[MATERIAL FOR THIS TASK]

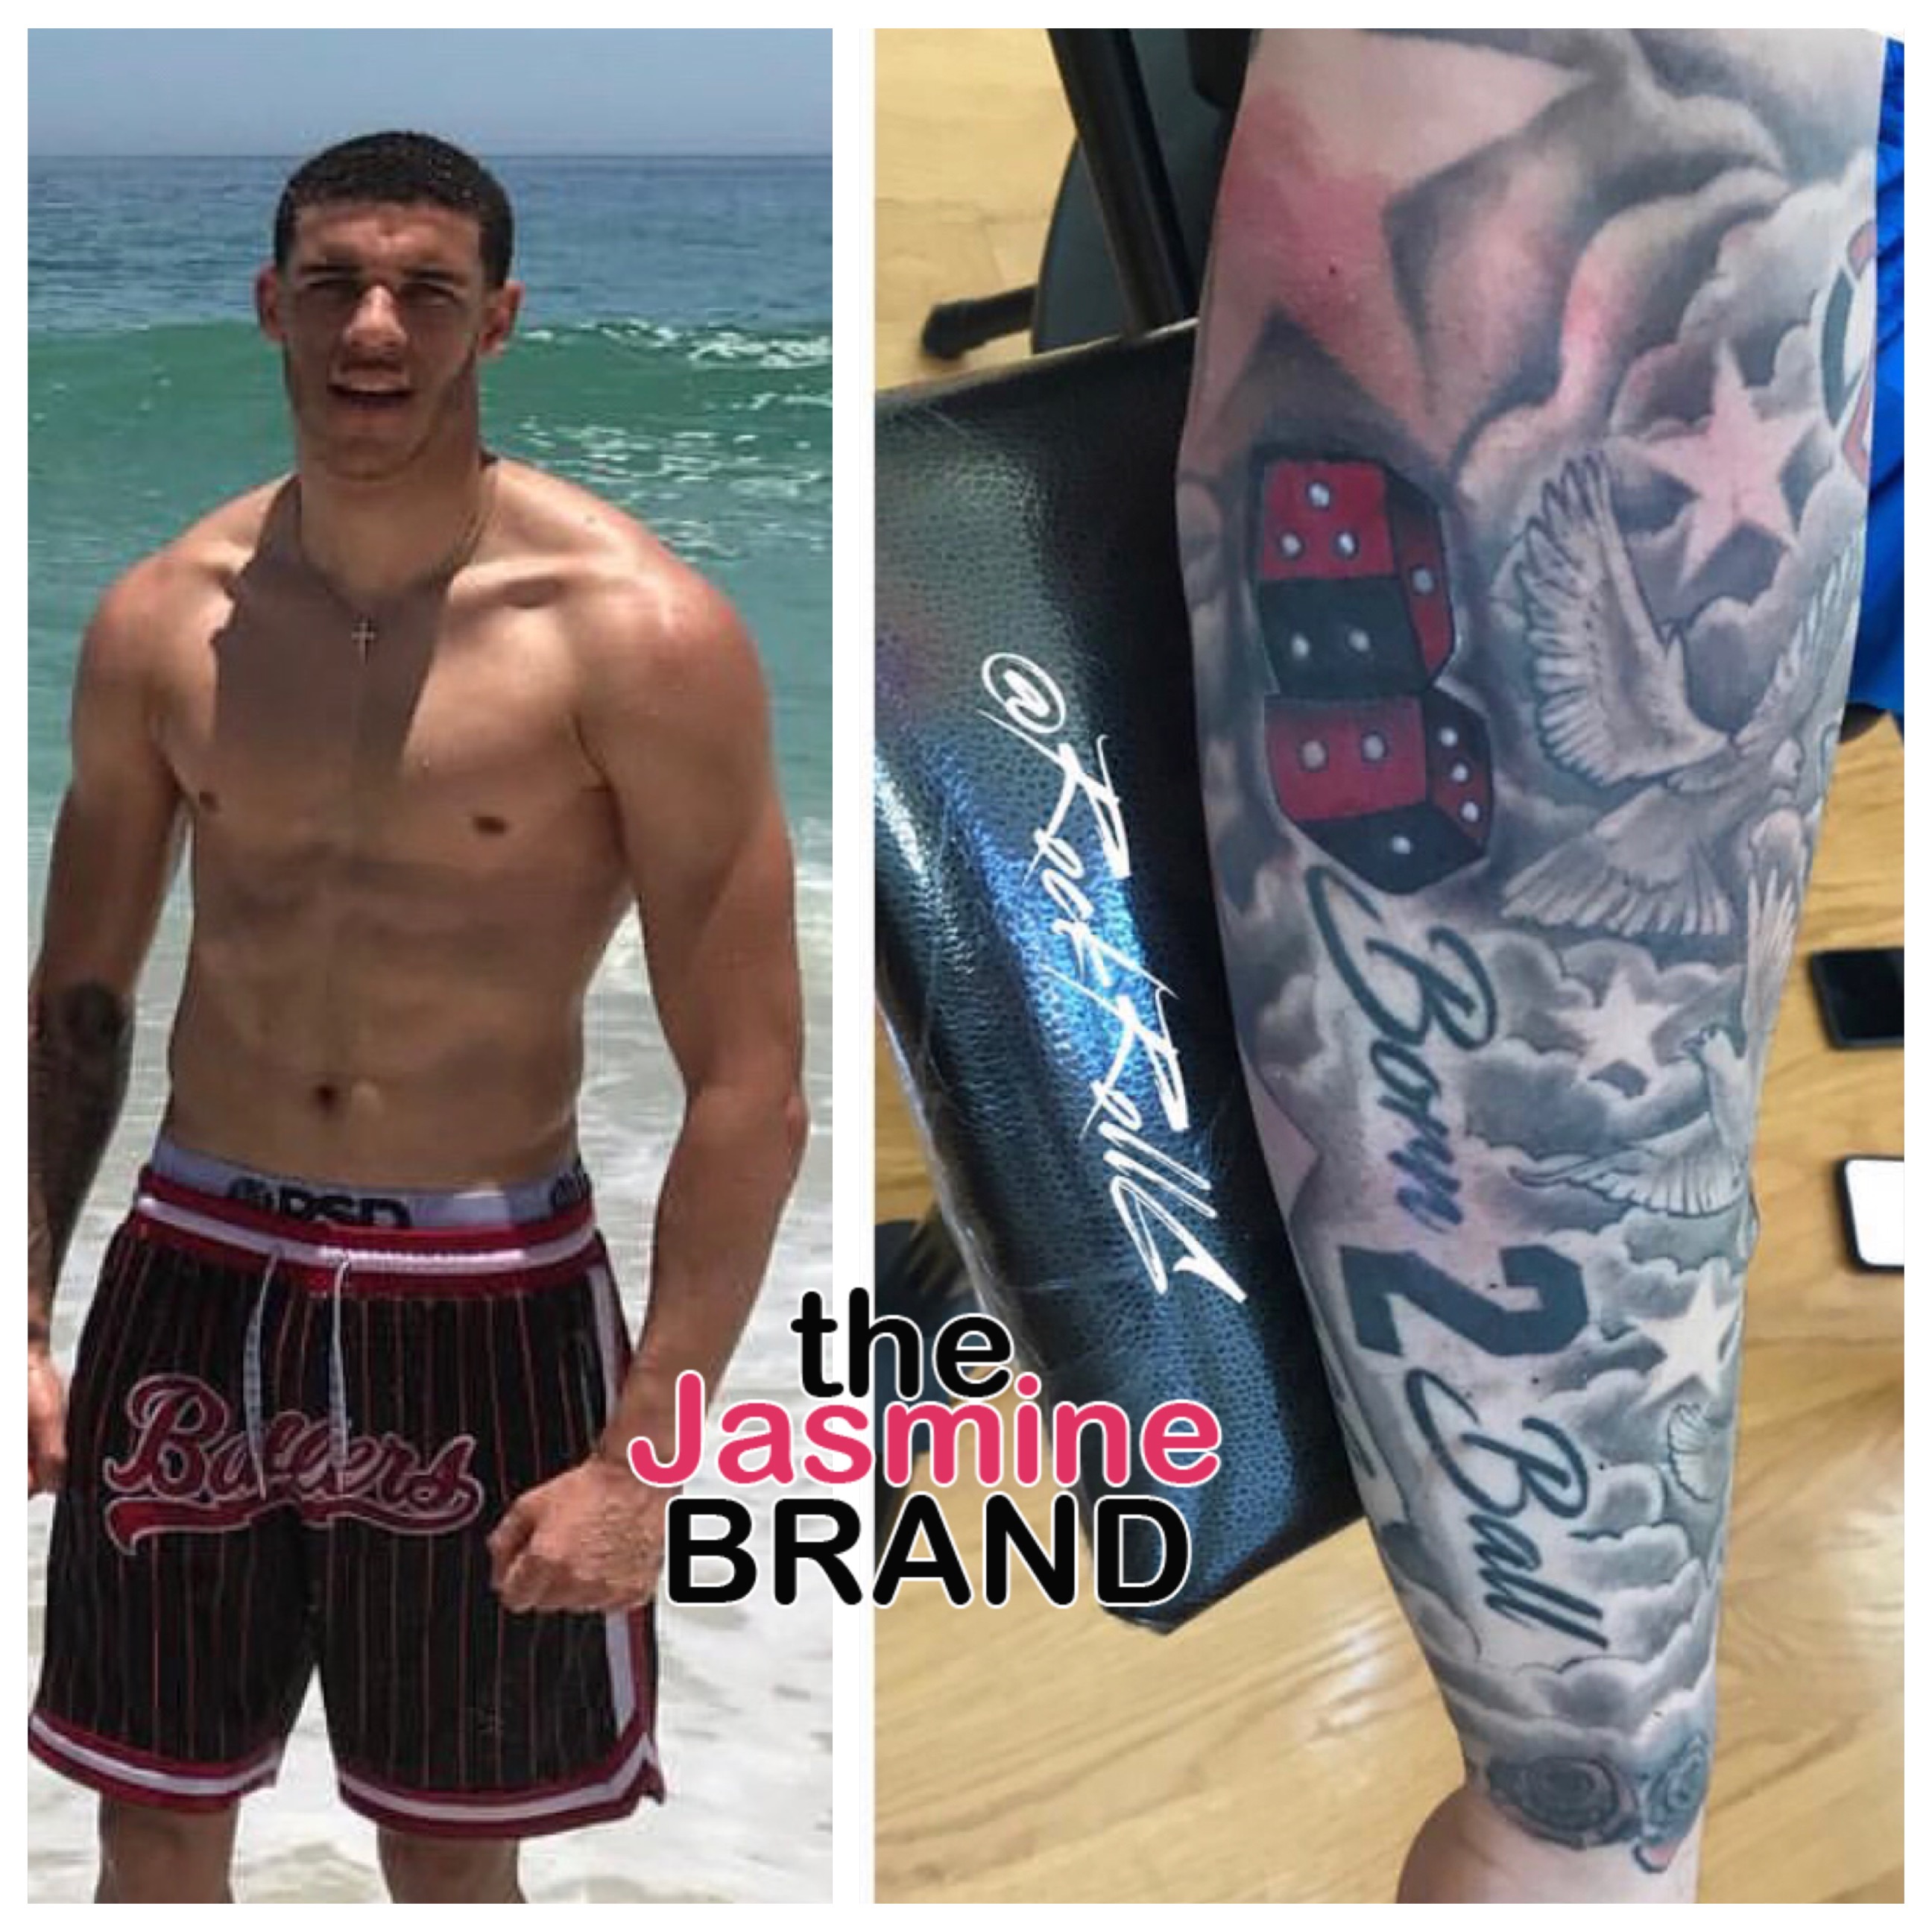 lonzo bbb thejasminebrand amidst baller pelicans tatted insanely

--

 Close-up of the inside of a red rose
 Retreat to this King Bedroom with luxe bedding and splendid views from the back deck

[TASK TO CARRY OUT] All that belongs in your answer is the stretch of entries above from the line with "Close-up of the inside of a red rose" through the line with "Retreat to this", printed exactly.

[ANSWER TO THE EXERCISE]
 Close-up of the inside of a red rose
 Retreat to this King Bedroom with luxe bedding and splendid views from the back deck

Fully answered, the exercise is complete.